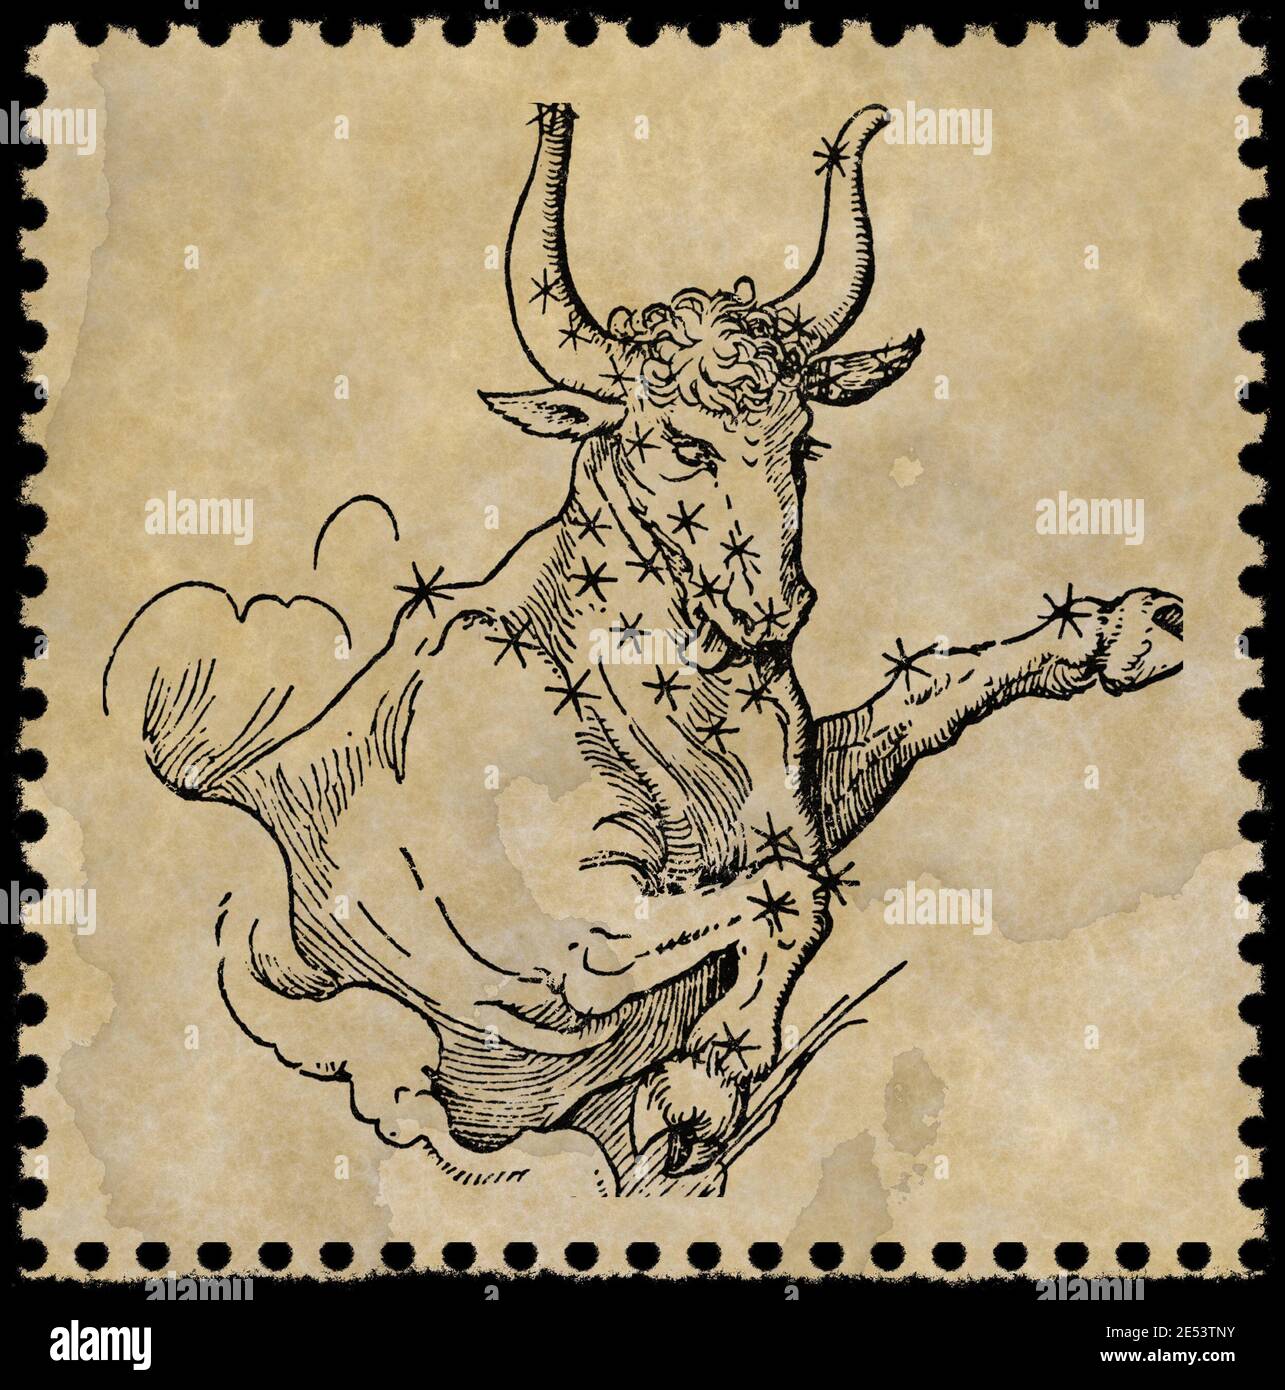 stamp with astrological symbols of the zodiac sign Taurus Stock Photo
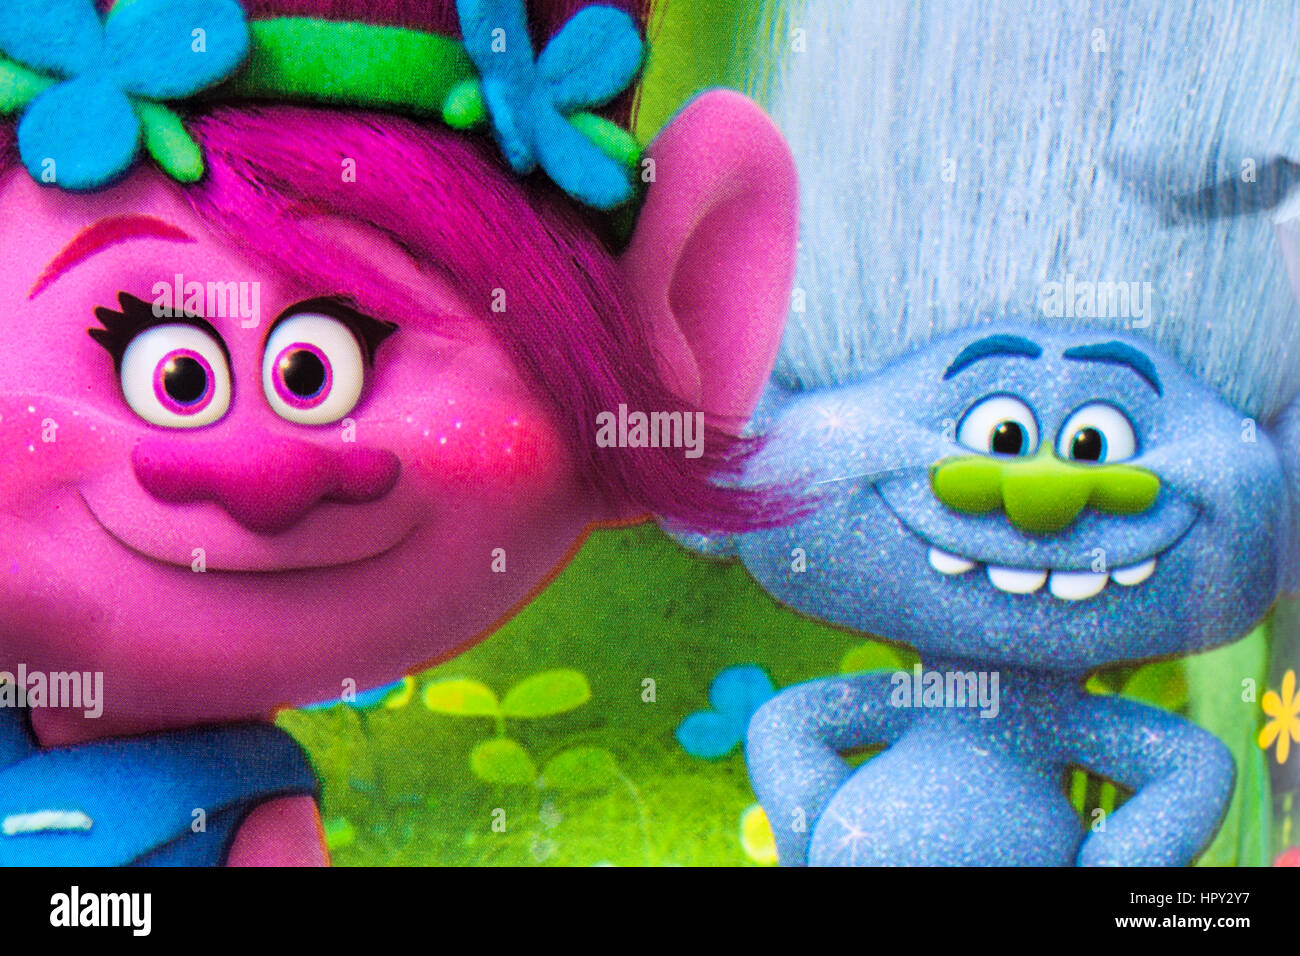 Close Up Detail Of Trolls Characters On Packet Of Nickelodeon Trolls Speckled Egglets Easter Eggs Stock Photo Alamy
---
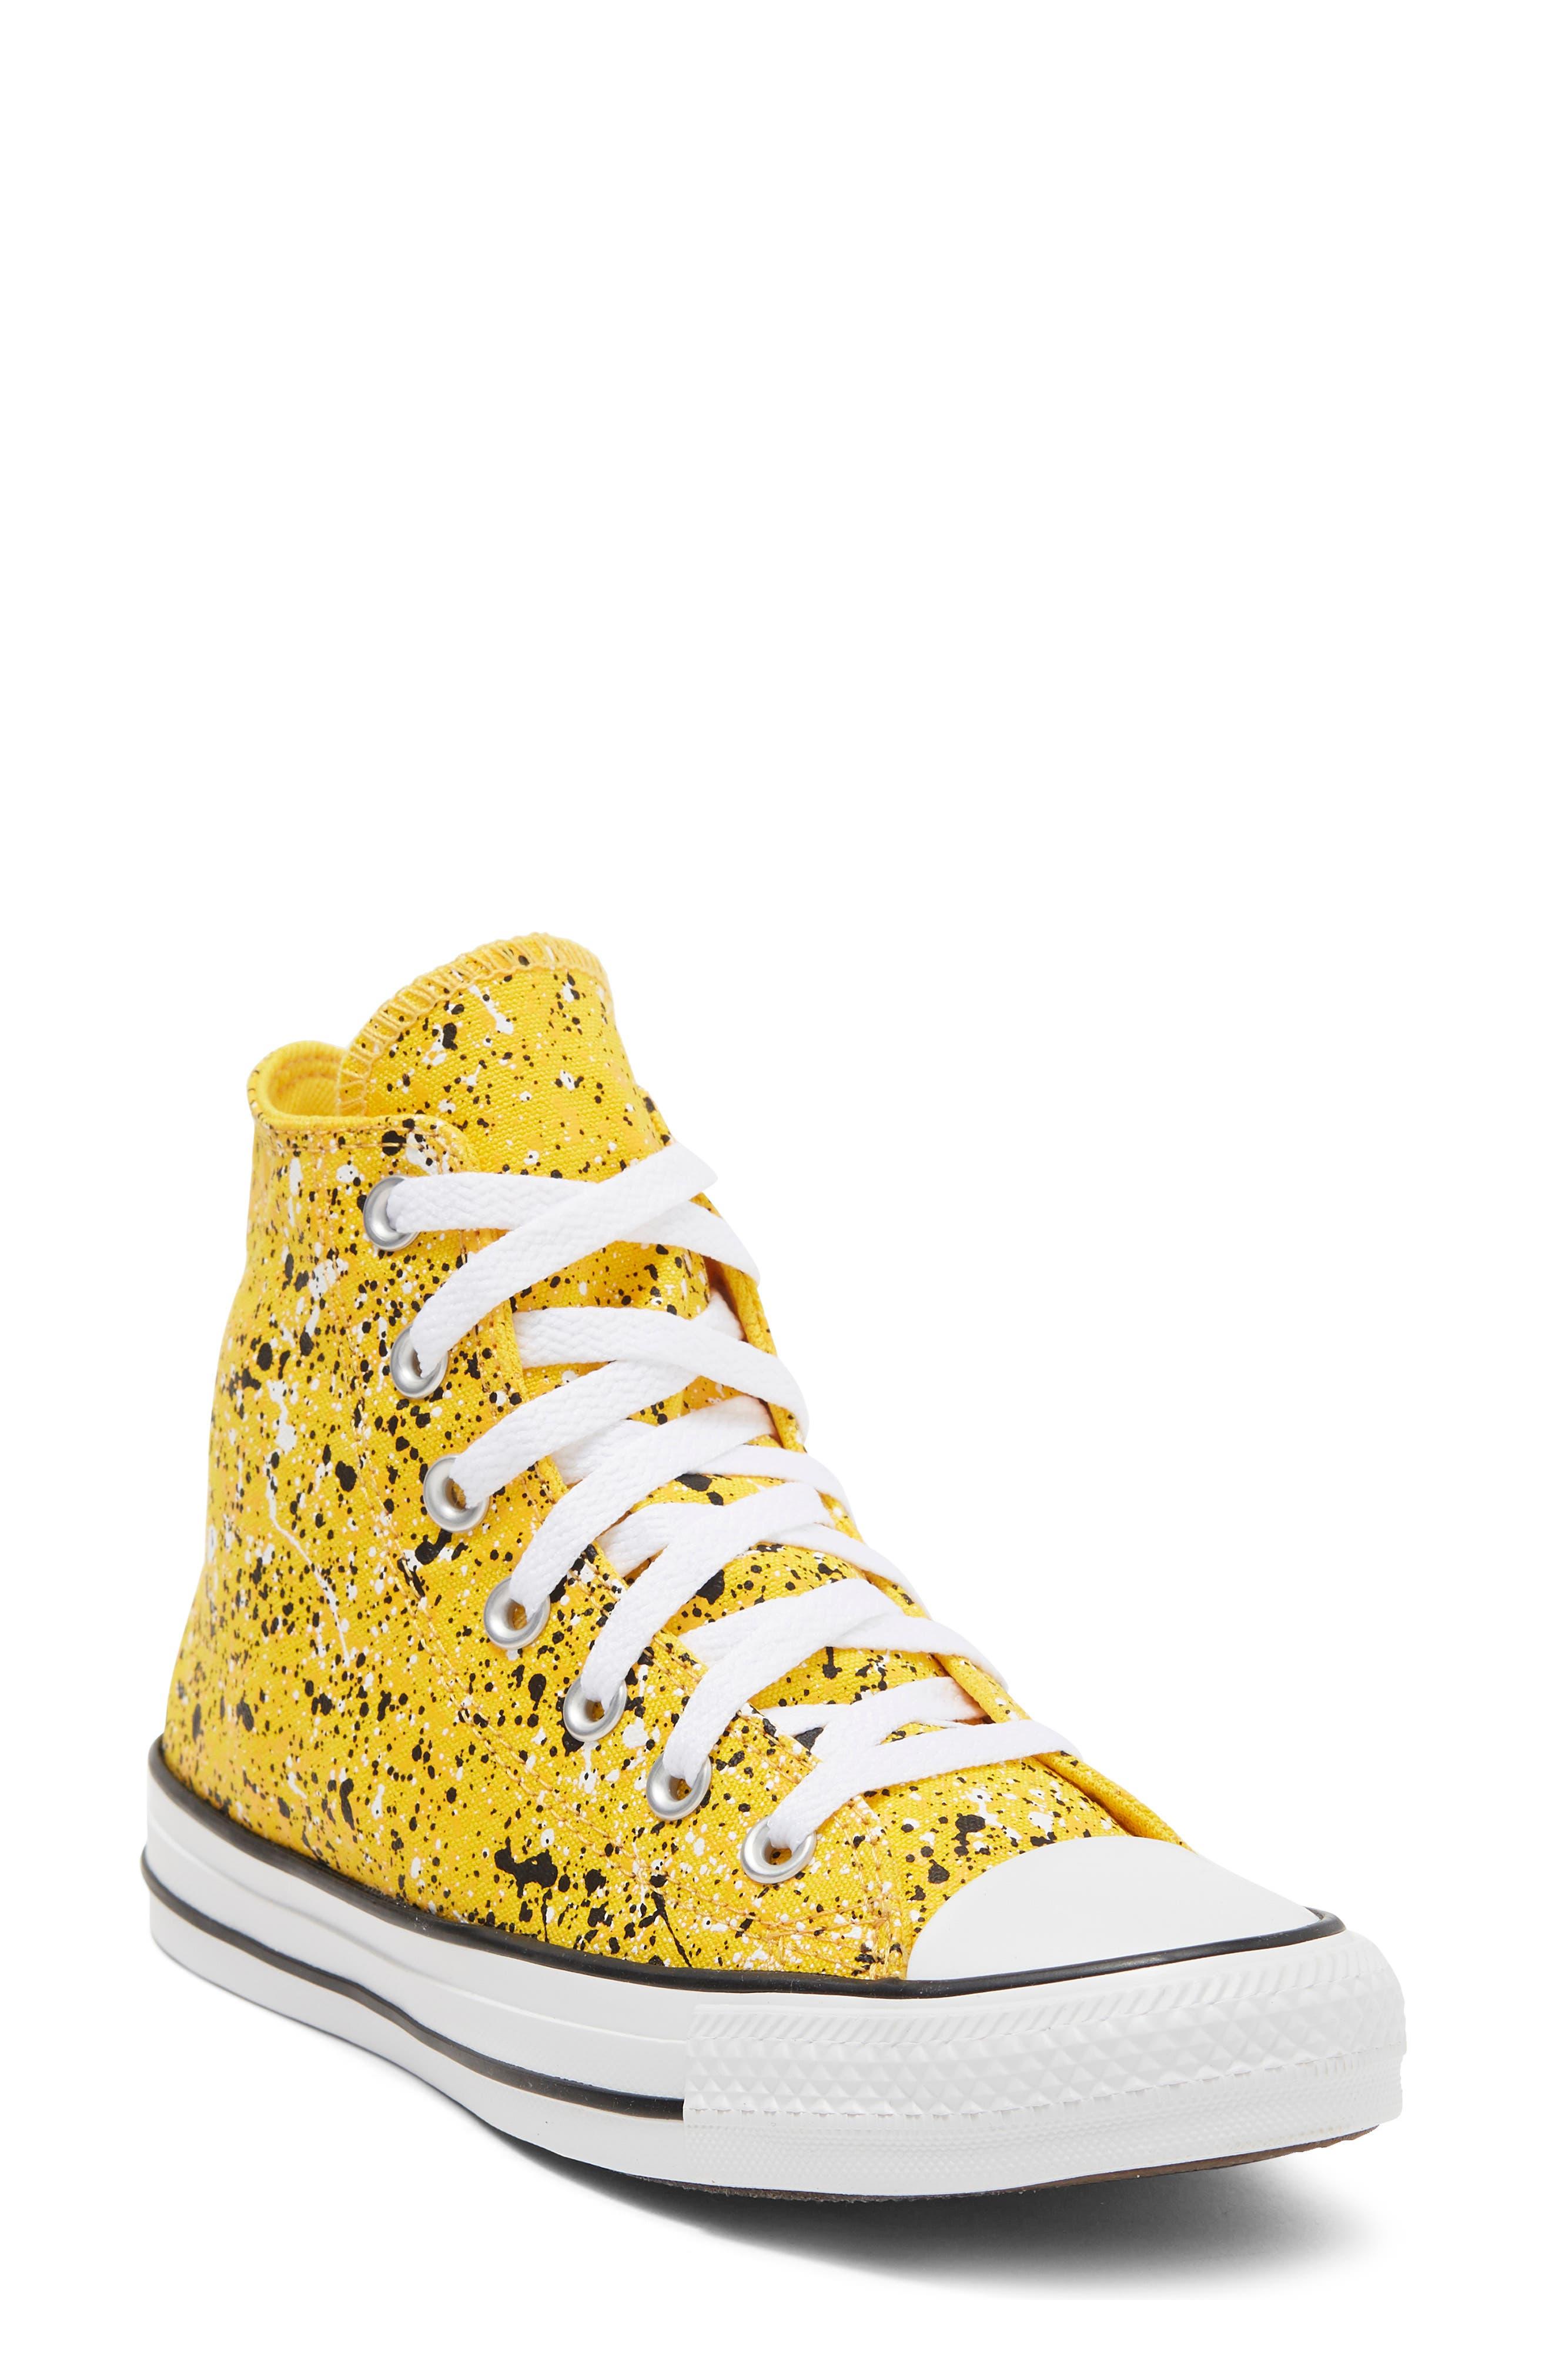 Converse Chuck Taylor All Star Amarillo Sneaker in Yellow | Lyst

[Directions for this task] What is needed is an exact copy of the lines above, from the one holding "stamp with astrological" down to the one holding "Close Up Detail", with those two included and the pictures left out.

[Result of this task]
 stamp with astrological symbols of the zodiac sign Taurus Stock Photo
 Close Up Detail Of Trolls Characters On Packet Of Nickelodeon Trolls Speckled Egglets Easter Eggs Stock Photo Alamy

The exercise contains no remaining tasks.